BEGIN Data excerpt

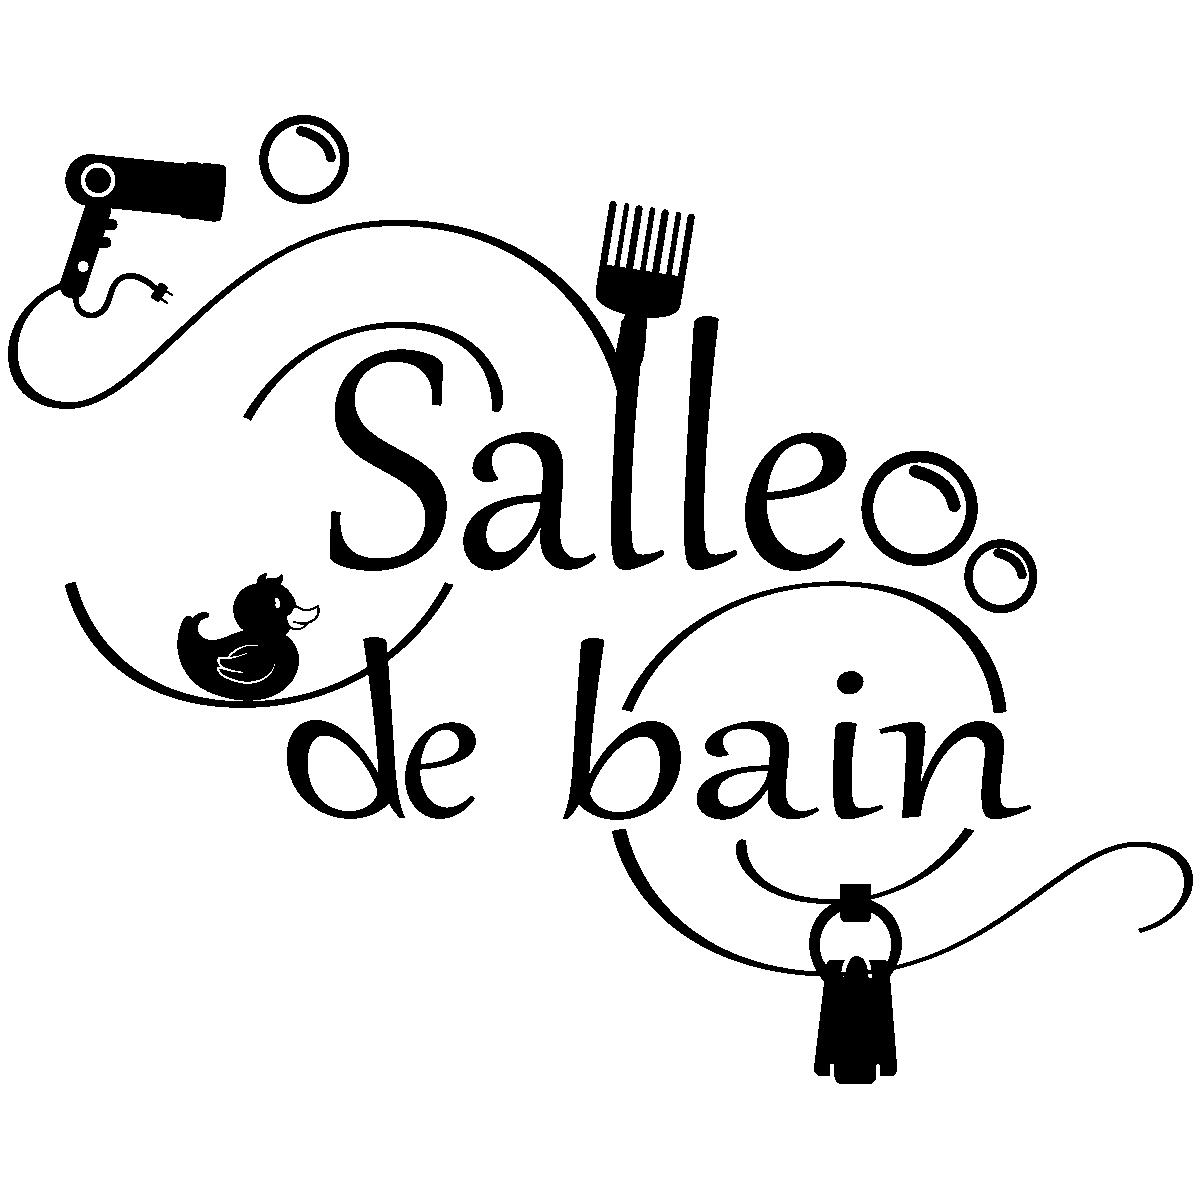 Sticker Salle De Bain Accessoires Stickers Salle De Bain Mur - Stickers salle de bain
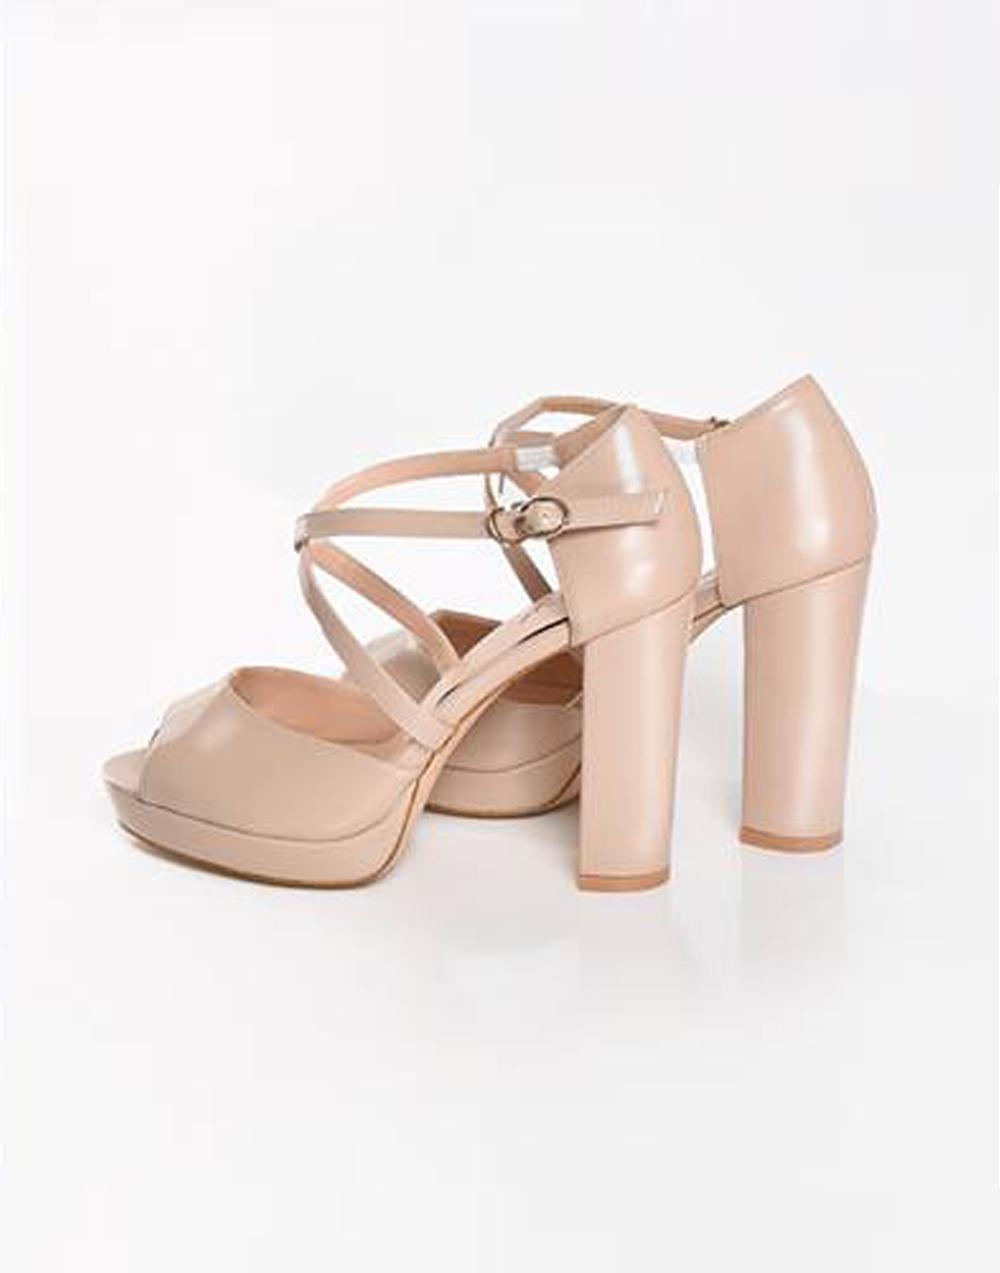 """ Ariel "" Peep-toe platform Heels With Cross Straps"
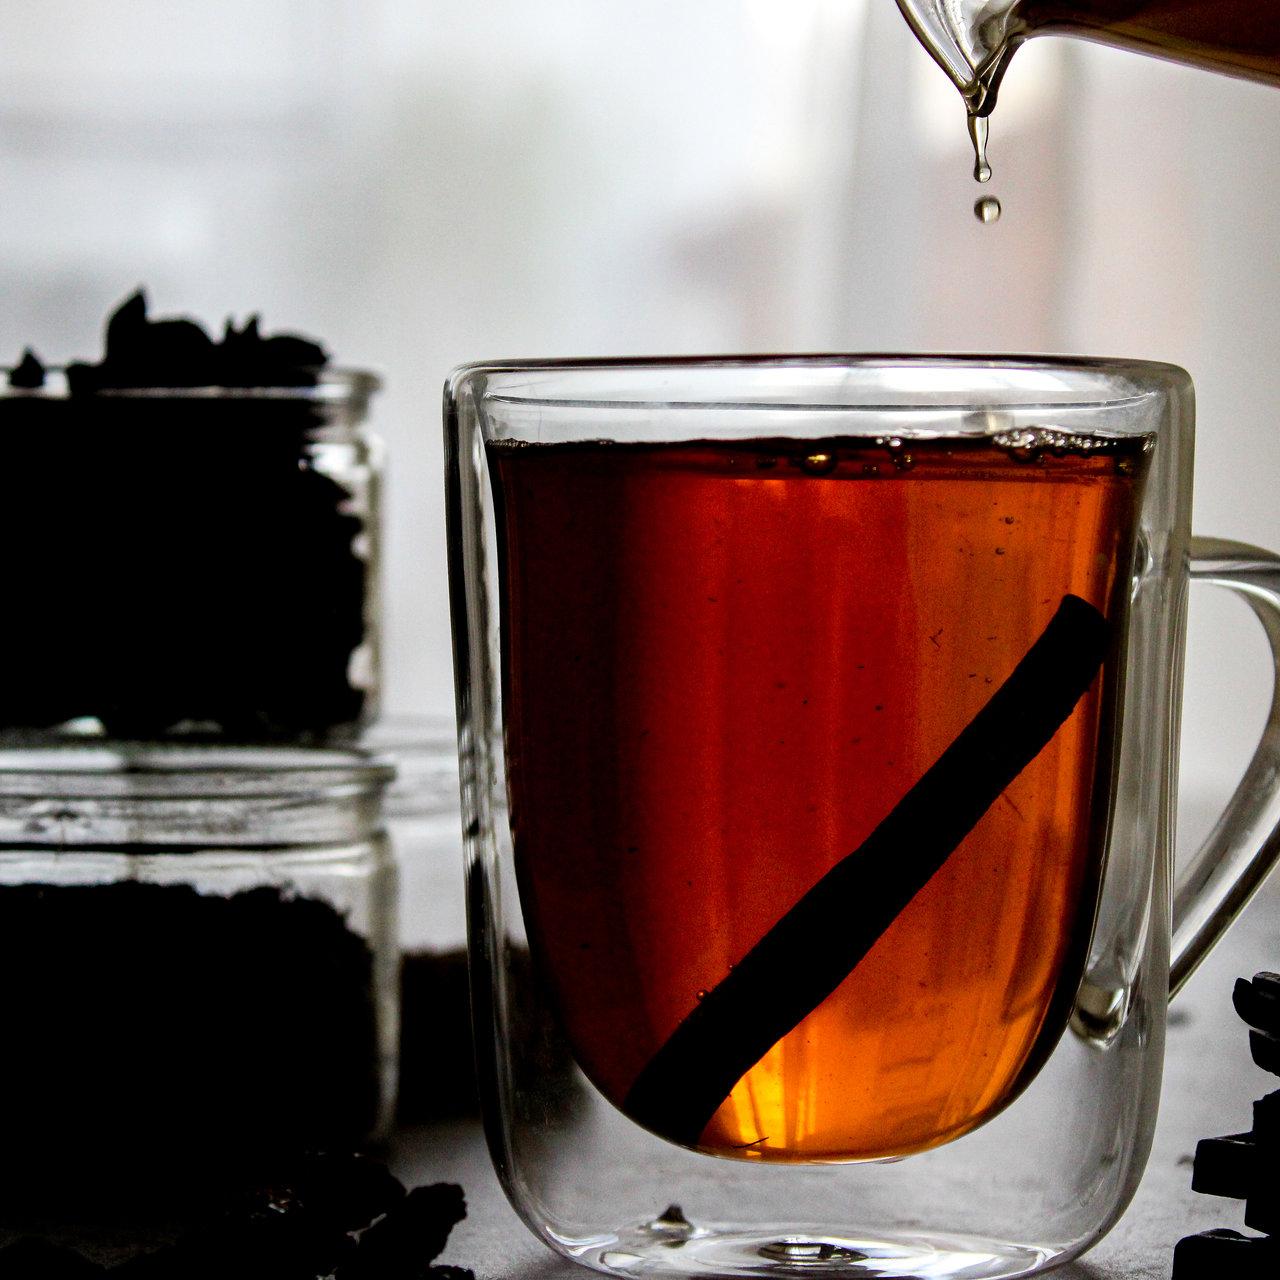 The tea is emotion   Author Christiana Yonkova - christa_foodpoetry   PHOTO FORUM

END Data excerpt

Assigned task: Repeat all the material above exactly, apart from the pictures.

Written reply:
 Sticker Salle De Bain Accessoires Stickers Salle De Bain Mur - Stickers salle de bain
 """ Ariel "" Peep-toe platform Heels With Cross Straps"
 The tea is emotion   Author Christiana Yonkova - christa_foodpoetry   PHOTO FORUM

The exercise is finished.